Everything I've read and I called Audi NA, the black optics package isn't available on the 2015 US S3. Anyone find out anything to the contrary?

Or has anyone priced out getting the window trim from the base model A3 put swapped out at the dealer? 

I am not a fan of chrome around windows


----------



## jbradle7 (Sep 8, 2009)

UGH... I really hope you're wrong. Audi is starting to p1ss me off with the delayed/limited US options... I was banking on Jan 2015 availability... prob just wishful thinking.


----------



## jrwamp (Mar 25, 2011)

It's been talked about in many threads on here, I don't think at any time has anything pointed to them doing it for the US so far.


Sent from my iPhone using Tapatalk


----------



## jrwamp (Mar 25, 2011)

I'd assume it'd be available later in the life cycle. Or you'd just have to buy a euro black optic trim set and have it sent over.
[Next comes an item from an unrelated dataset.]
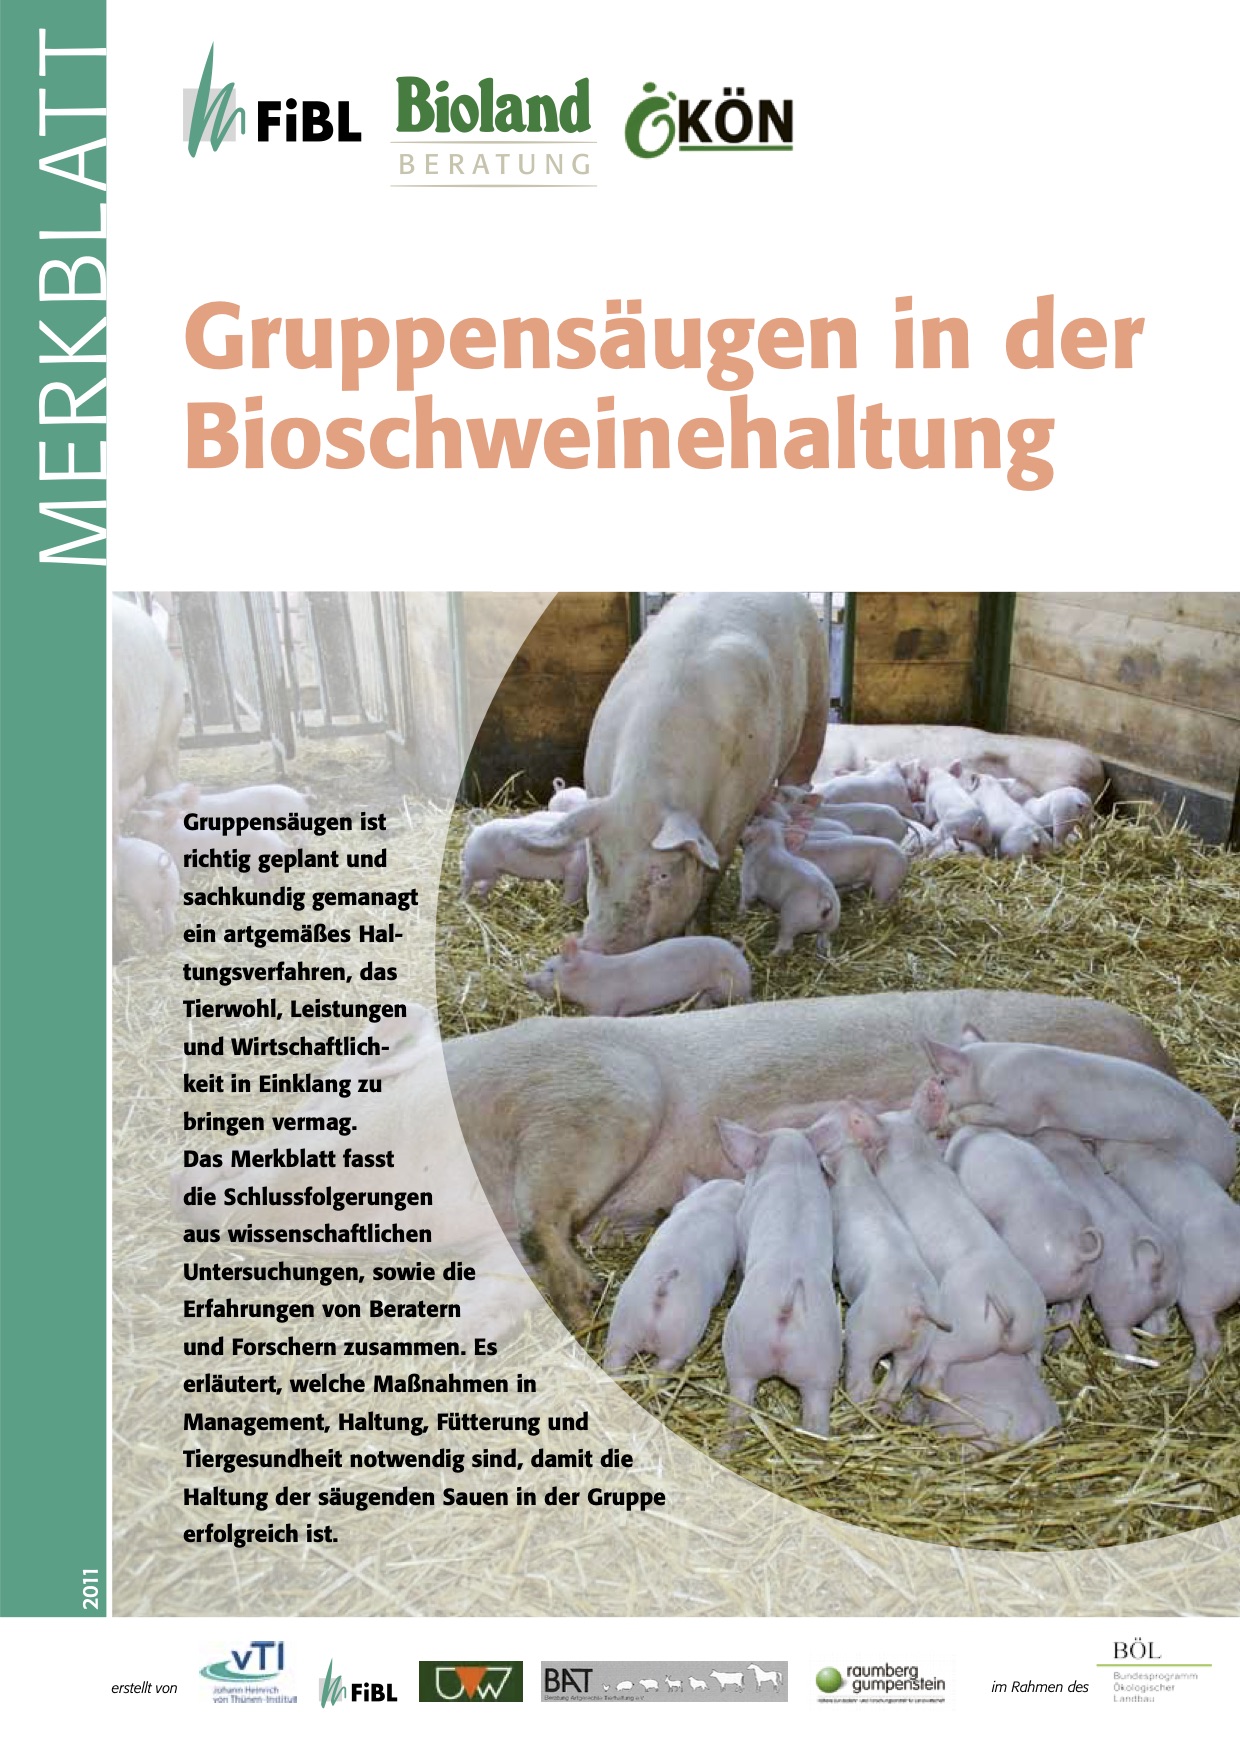 Групово бозаене при биологично свиневъдство (FiBL Factsheet)

Sent from my iPhone using Tapatalk


----------



## gizmopop (Feb 6, 2000)

I smell a group buy.


----------



## EGainer (Feb 19, 2004)

They used to hold off on black optic package or titanium until the second or third model year. I wouldn't expect it until 2016 model year at least. I'm probably going to do vinyl wrap or plastidip the trim and grill after a bit


----------



## MickSF (May 22, 2008)

I too would love to see the black optic package offered now.... If it was it might get me off the fence and place an order.


----------



## RyanA3 (May 11, 2005)

Should be able to order this option for jan/fen deliveries.


----------



## lilmira (Feb 4, 2014)

Interesting, I wonder how it would look like on Sepang Blue.


----------



## p.r.walker (May 31, 2000)

Quick image search popped up with this- sorry it is not a VortexMedia link, but does have a side-by-side of the A3 club sport & an S3. Sepang & black optics look great together, I've never been a fan of chrome. This is what my S3 would look like if I didn't expect an RS3 soon. Interesting to see how much the shape of the front grill evolves in the ClubSport design. I really hope a production RS3 doesn't change much from the concept. 

http://citycar-speed.com/150.html


----------



## gamegenie (Aug 24, 2014)

That A3 Clubsport Quattro (future RS3) grill look nice, and it should be base evolution to the Audi grill. The honeycomb grill look is growing on me. Take the Audi rings off the hood and stick them where it says "quattro" and that should be how the next generation Audi's should look.


----------



## lilmira (Feb 4, 2014)

I think the black optics option for the RS5 has body colour mirror caps too which make the car even more subtle, hmm, I'll have to ask my guy about that.


----------



## rabbitgtibbar (Apr 29, 2002)

I think they're saving the Black Optics package for the debut of the US RS3 next year. :snowcool:


----------



## Onequick4door (Sep 13, 2014)

*I pray they bring the RS3 here next year - I'm already planning my mid life crisis*

At least I can say it will be four door and not a Vette or Porsche.


----------